Adverts from Google:
Nobbut tuppence a day 'guv
Equipment leases appear to offer the earth. You can have your photocopier, or car, or computer, or anything you might desire, for a mere penny a week. And you get tax relief on that as well. Must be good.
Not quite. There are a few reasons why we believe that such agreements are inherently dangerous.
Most often, the lease agreement will last longer than the equipment it hires out. Your photo-copier has a natural life of, say, three years, but the lease is for five years. When the copier finally sets off on that lonely journey to that desolate place where all photocopiers finally take their rest, its former keeper finds that he is left with an amount left to pay which is twice what the machine was worth to begin with.
The owner has only one practical option. He must roll over the balance left into a new leasing contract, guaranteeing only that the same situation will reappear in four years time, but the problem will be worse.
Secondly, the lease is usually used to hide the true cost of the arrangement. Were the agreement a hire purchase agreement, with exactly the same consequences as to cost, the finance company would have to disclose the exorbitant interest rate. No sensible person would sign to take on such an agreement. They would see immediately that the interest rate makes the good'ol Barclaycard look like a model of financial probity and common sense. Instead, the figures are hidden, and all you ever see or hear is the smooth equivalent of "Nobbut tuppence a day 'guv".
There is also the absence of transparency about what is the actual price of the machine itself as sold to the finance company. You can not, typically, discover just what was the purchase price, and compare it with what you might have paid in cash from a third party. Similar considerations apply to the costs of repair. The leasing arrangement is used to hide any real information, and to let the punter do no more than contemplate the shiny new copier and the "tuppence a day, m'lud"

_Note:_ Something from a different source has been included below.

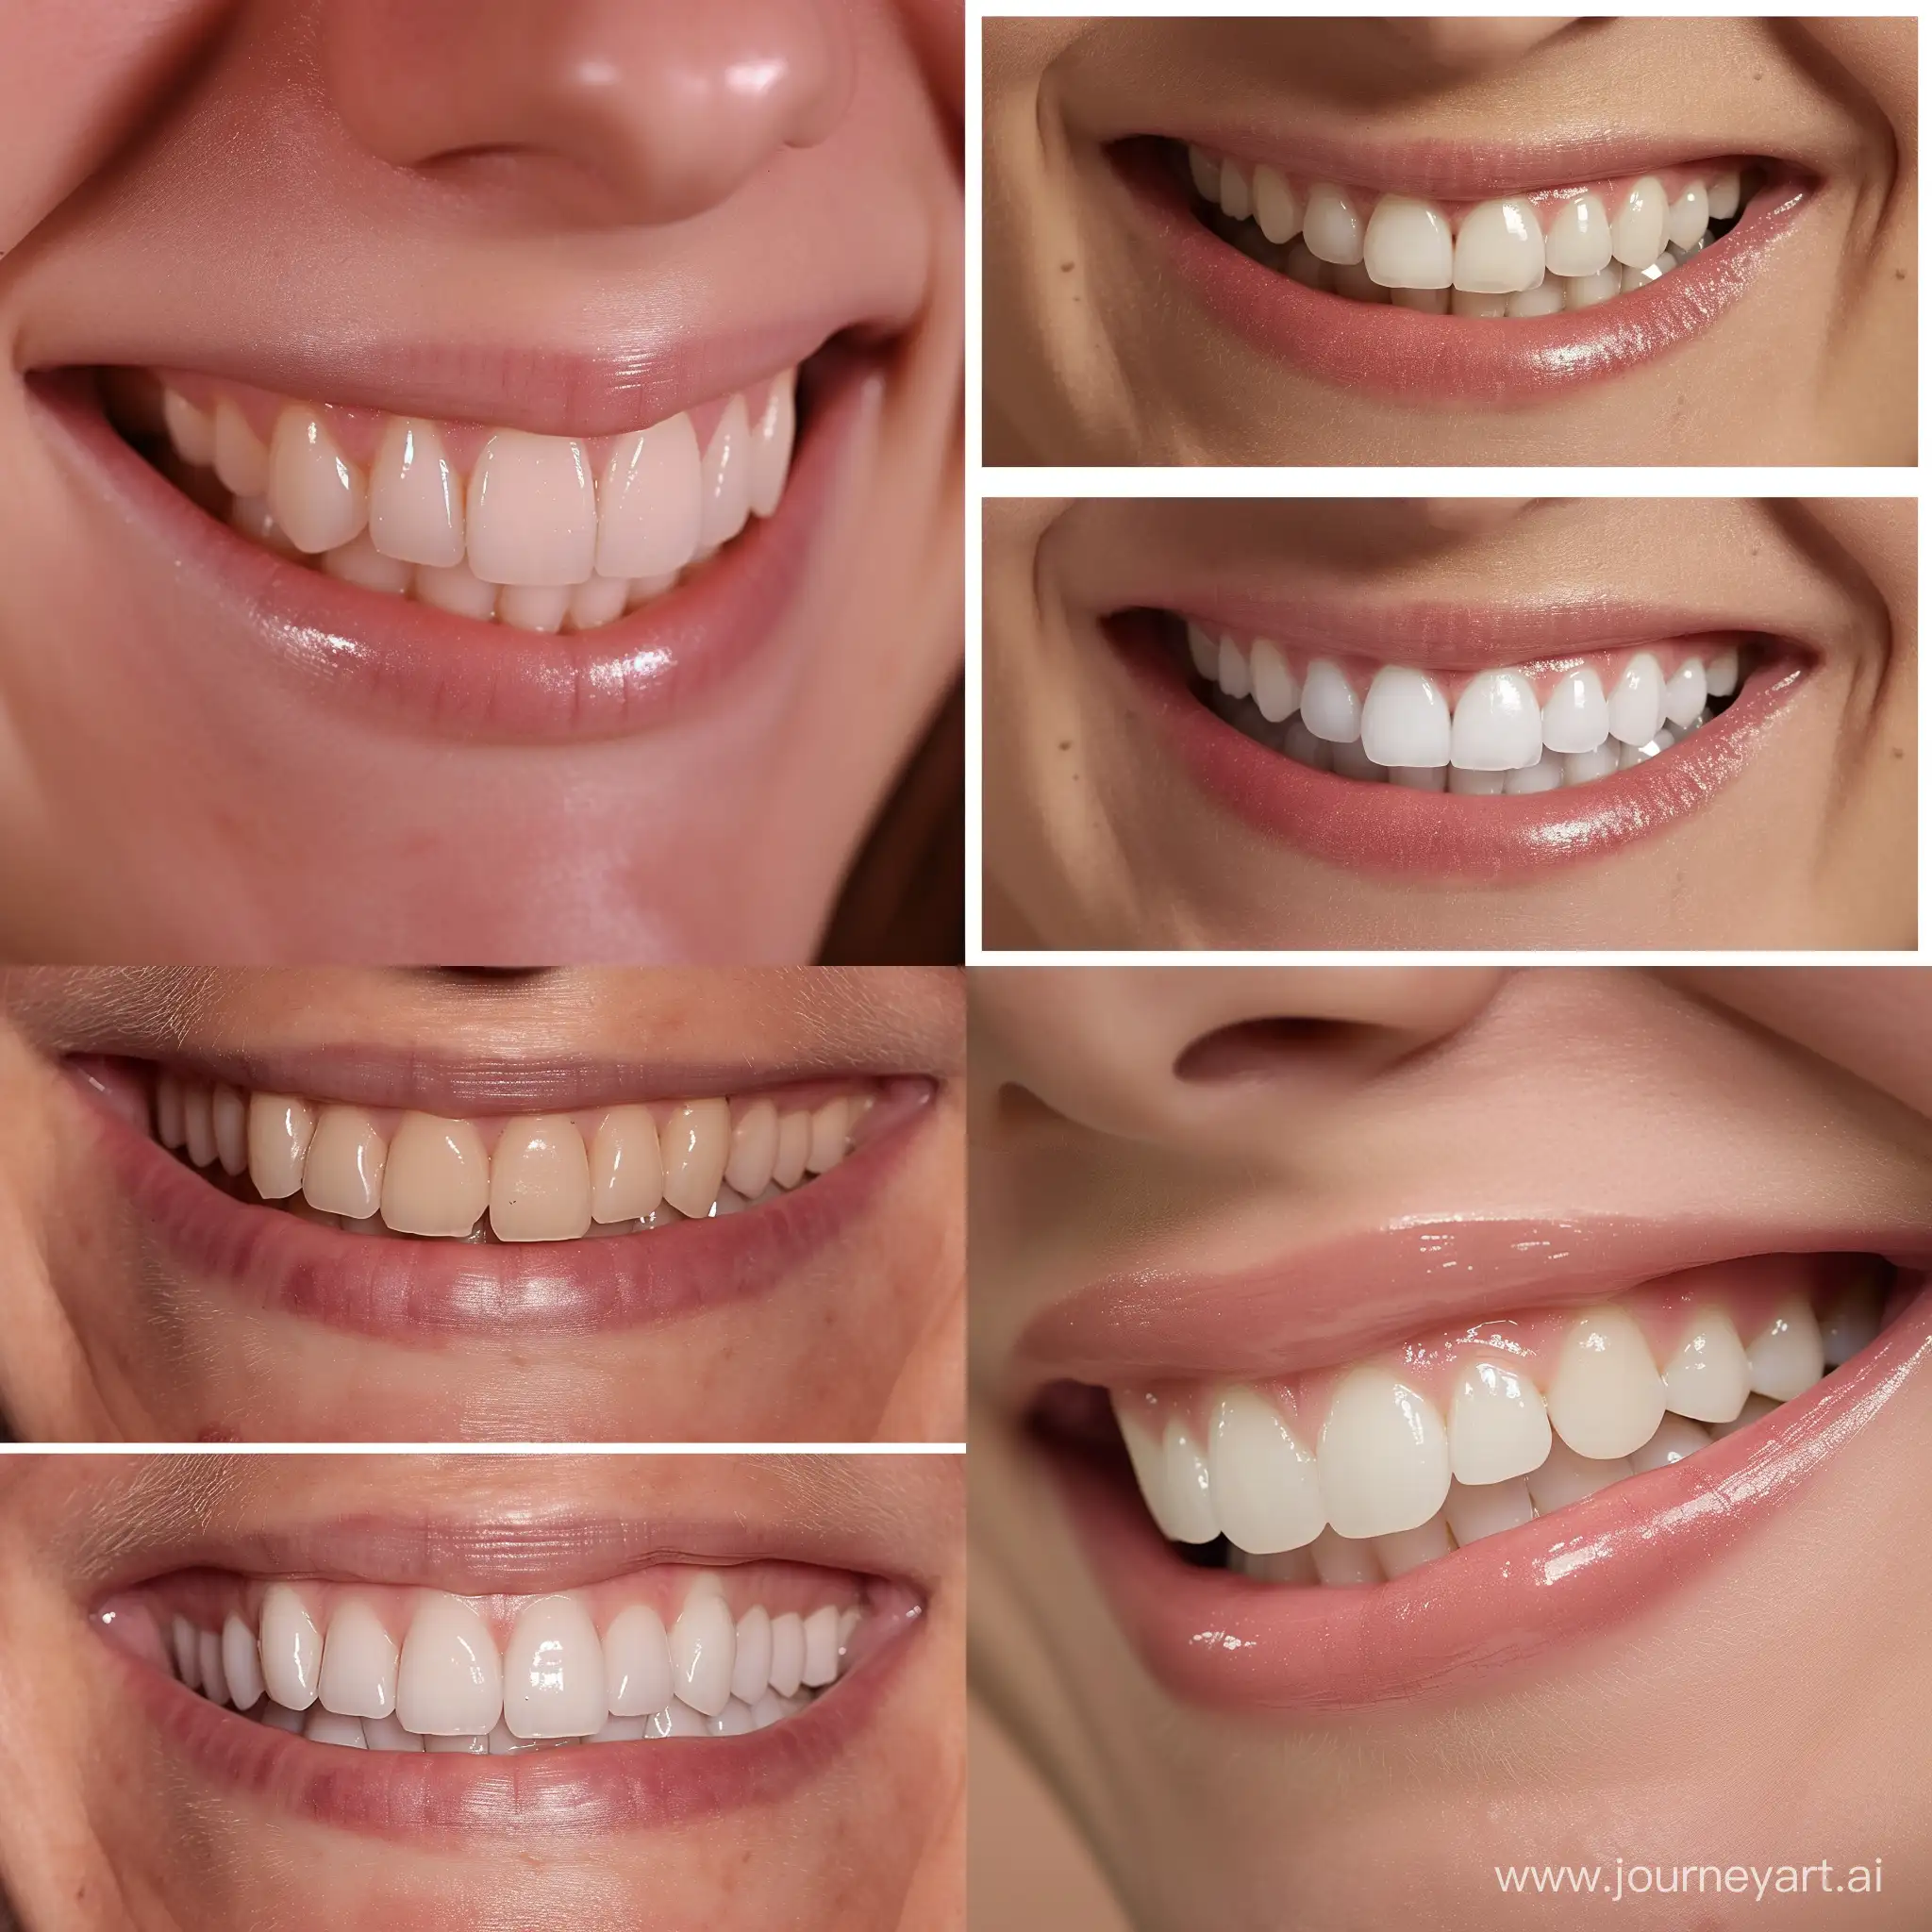 An image showing a close-up of a person's smile before and after undergoing Smile Makeover

The third problem is that the contractual relationships and responsibilities are thrown up in the air, and lie where they fall, in a rather untidy heap. The person who bought it does not repair it, and any warranty was given by somebody else to that finance company, and you can't sue on it. Repair and maintenance obligations can quickly falter when any one part of the contracting team falls by the way-side.
Similar problems occur with people and their cars. It is common for car buyers to lease their cars, and find that year after year, and for car after car, the debt, the commitment, keeps growing, and the prospects of ever ceasing to pay reduce to nil. In effect the same car debt is rolled over from one car loan/hiring contract to the next, and the next, and so on.
We are sure that there will be many people who take on leasing agreements, and are happy with them. There must be. I am sure that there must be. Where are they?